South East Queensland
9.4 Runoff to surface water

Supporting Information

This line item consistes of the runoff to all surface water (including river channels downstream of surface water storages listed in line item 1.1 Storages).

The volume of runoff to surface water was more than three times greater during the 2010–11 year (12,694,060 ML) than the 2009–10 year (3,714,190 ML). This was due to the 2010–11 year being significantly wetter, with major flood events occurring in December 2010 and January 2011. Further information on the rainfall within the region can be found in the Climate overview.

Once the receiving landscape has become saturated during a rainfall event, all additional rainfall results in runoff. A number of small rainfall events during the year, with the landscape drying in between, will result in considerably less runoff than one or two large rainfall events with the same overall rainfall volume. The wet conditions during the 2010–11 year and major flood events contributed to the large runoff volumes.

Quantification Approach

Data Source

Bureau of Meteorology, National Climate Centre (NCC): daily climate grids (rainfall, temperature and solar radiation); Australian Hydrological Geospatial Fabric (AHGF), waterbody feature class. Commonwealth Scientific and Industrial Research Organisation (CSIRO): AWRA–L model parameters; monthly climatological average radiation grid data.

Provided by

Bureau of Meteorology.

Method

Rainfall runoff to surface water was estimated based on the AWRA–L version 1.0.0 stream flow model outputs.

Using climate grid data for the South East Queensland (SEQ) region (including precipitation, temperature and solar radiation data), AWRA–L was used to estimate the runoff depth at each grid point within the region.
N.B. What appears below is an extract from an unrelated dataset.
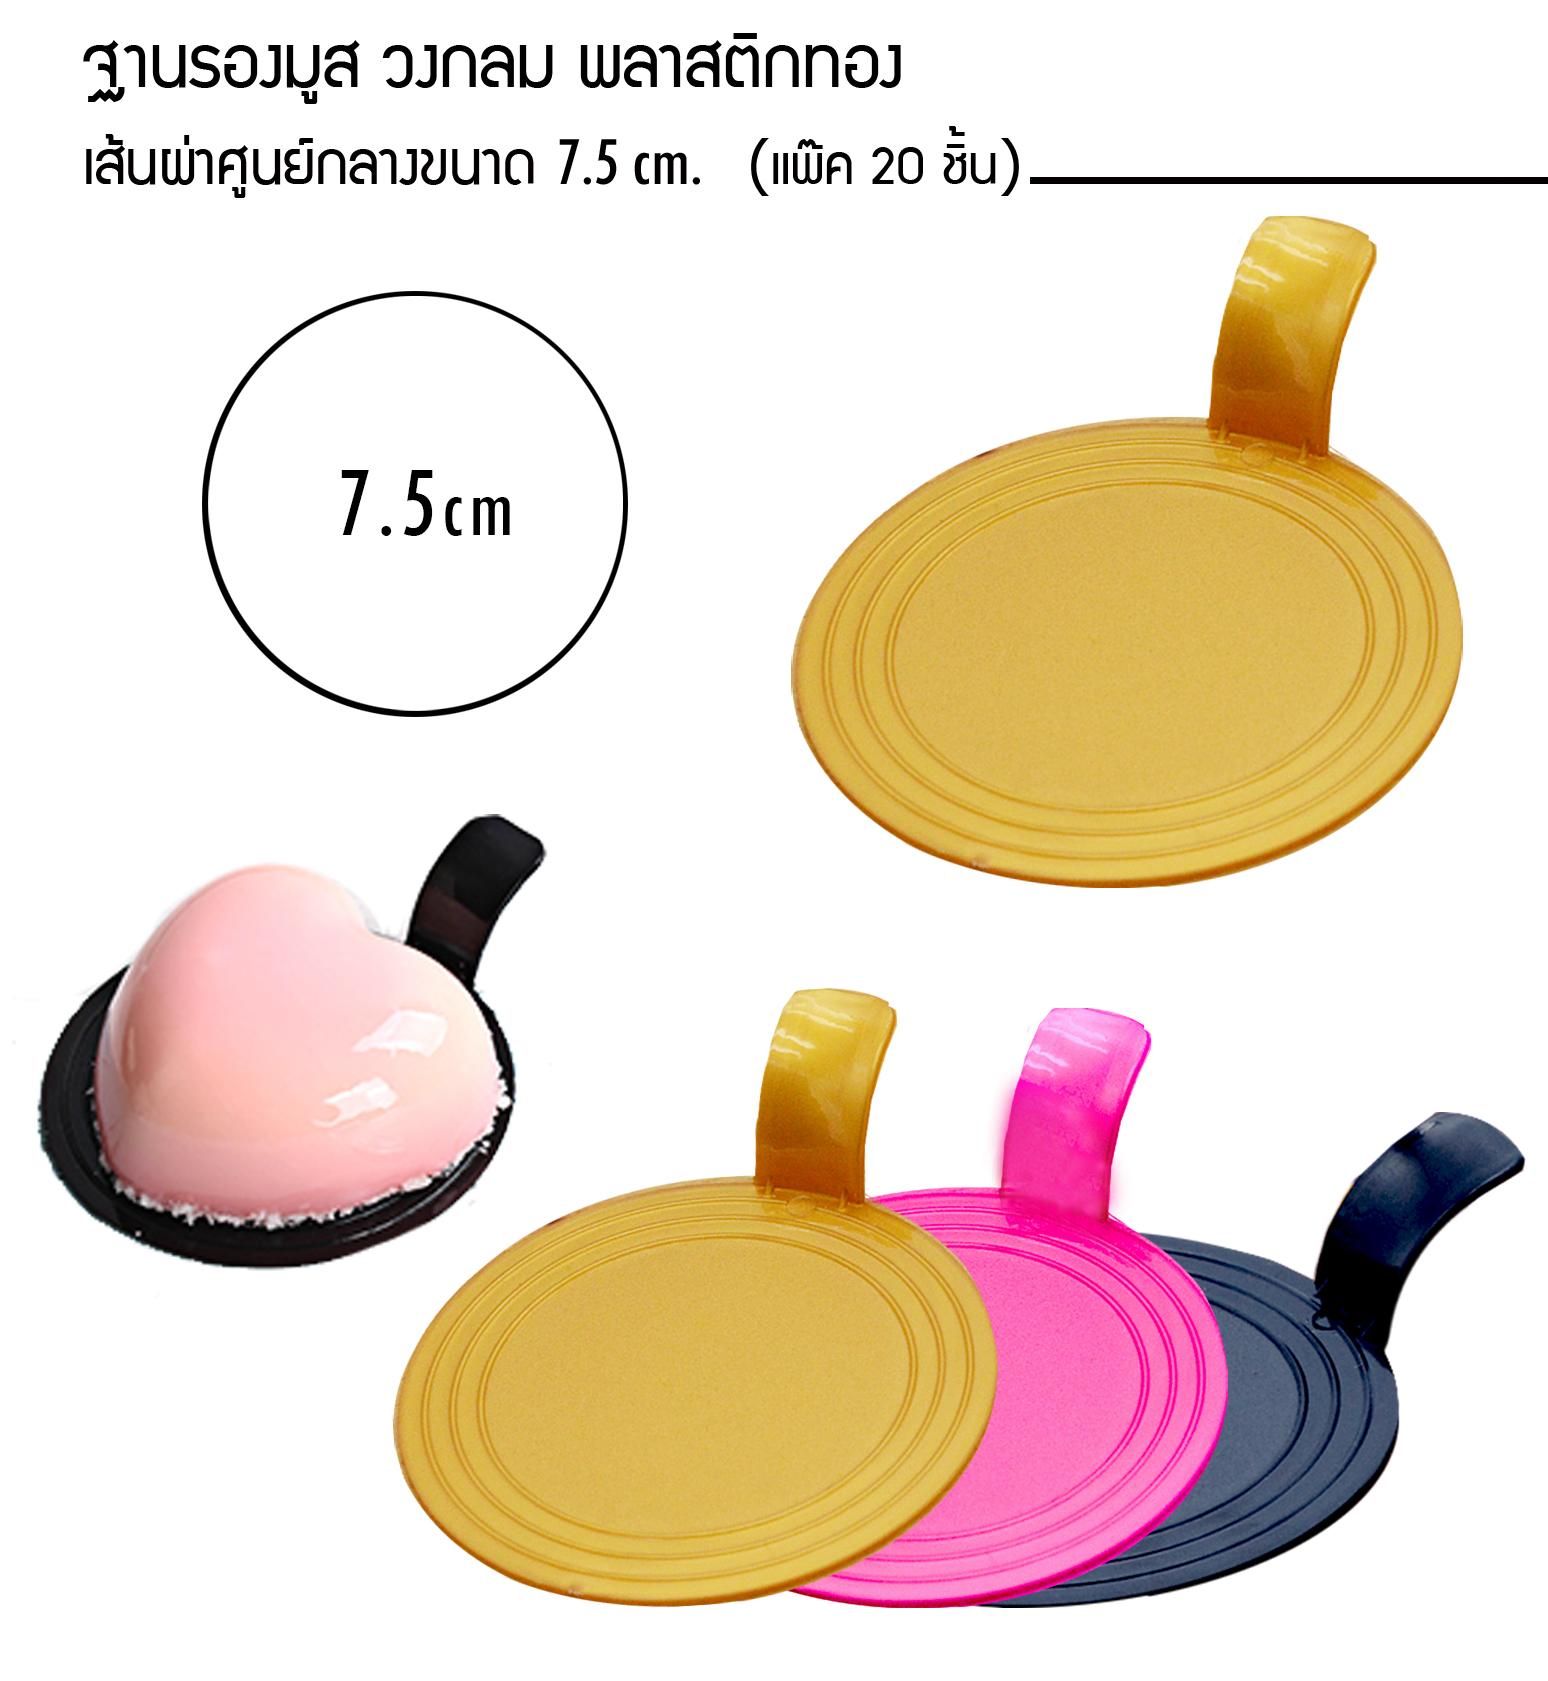 ฐานรองมูส กลม พลาสติกสีทอง แพ๊ค20 ชิ้น (7.5 cm.)

Only runoff from the landscape is considered; therefore, the surface areas of the major reservoirs were excluded from the analysis.

The average runoff depth from the landscape into the connected surface water store was determined as the weighted mean of the relevant grid points within the region boundary. Points were weighted based upon the area they represented within the reporting region to remove edge effects (where the area represented is not wholly within the reporting region) and the effect of changing area represented with changing latitude. Runoff depth was converted to a runoff volume by multiplying runoff depth by the total area of the region (excluding reservoirs).

Assumptions, Limitations, Caveats and Approximations

The estimated runoff was compared against historical flows at unimpaired catchments within the SEQ region for the 2010–11 water year and provided a suitable representation of the runoff for this year.

The runoff estimates were subject to the assumptions of the AWRA–L model detailed in Van Dijk (2010).

 

Uncertainty Information

The uncertainty estimate was not quantified.

Comparative year

This line item corresponds to line item 13.4.1 Runoff to connected surface water reported in the 2010 Account. There was a method change in the 2011 Account.

The following table compares the value at 30 June 2010 reported in the 2011 Account with the corresponding value reported in the 2010 Account.

Comparative year information – line item 9.4 Runoff to surface water
2011 Account line item 2010 Account line item Volume reported in the 2010 Account
(ML)
Prior period error correction
(ML)
Volume difference due to scope change
(ML)
Restated volume reported in the 2011 Account
(ML)
Additional information
9.4 Runoff to surface water 13.4.1 Runoff to connected surface water 2,722,267 0 991,923 3,714,190 Method for calculating runoff changed


It was recognised that the volume of runoff estimated for the comparison year (3,714,190 ML) was greater than the volume reported for the 2010 Account (2,722,267 ML). This was due to a change in modelling methods. The difference between the prior estimate of runoff and the estimate produced for the comparison year can be attributed to the choice of the AWRA–L v1.0.0 model instead of the previously used average of WaterDyn v26 and AWRA–L v0.5. The difference of 991,923 ML represents a change of approximately 36% of the previously published volume. This was considered material and therefore a comparison year volume of 3,714,190 ML was presented in the 2011 Account.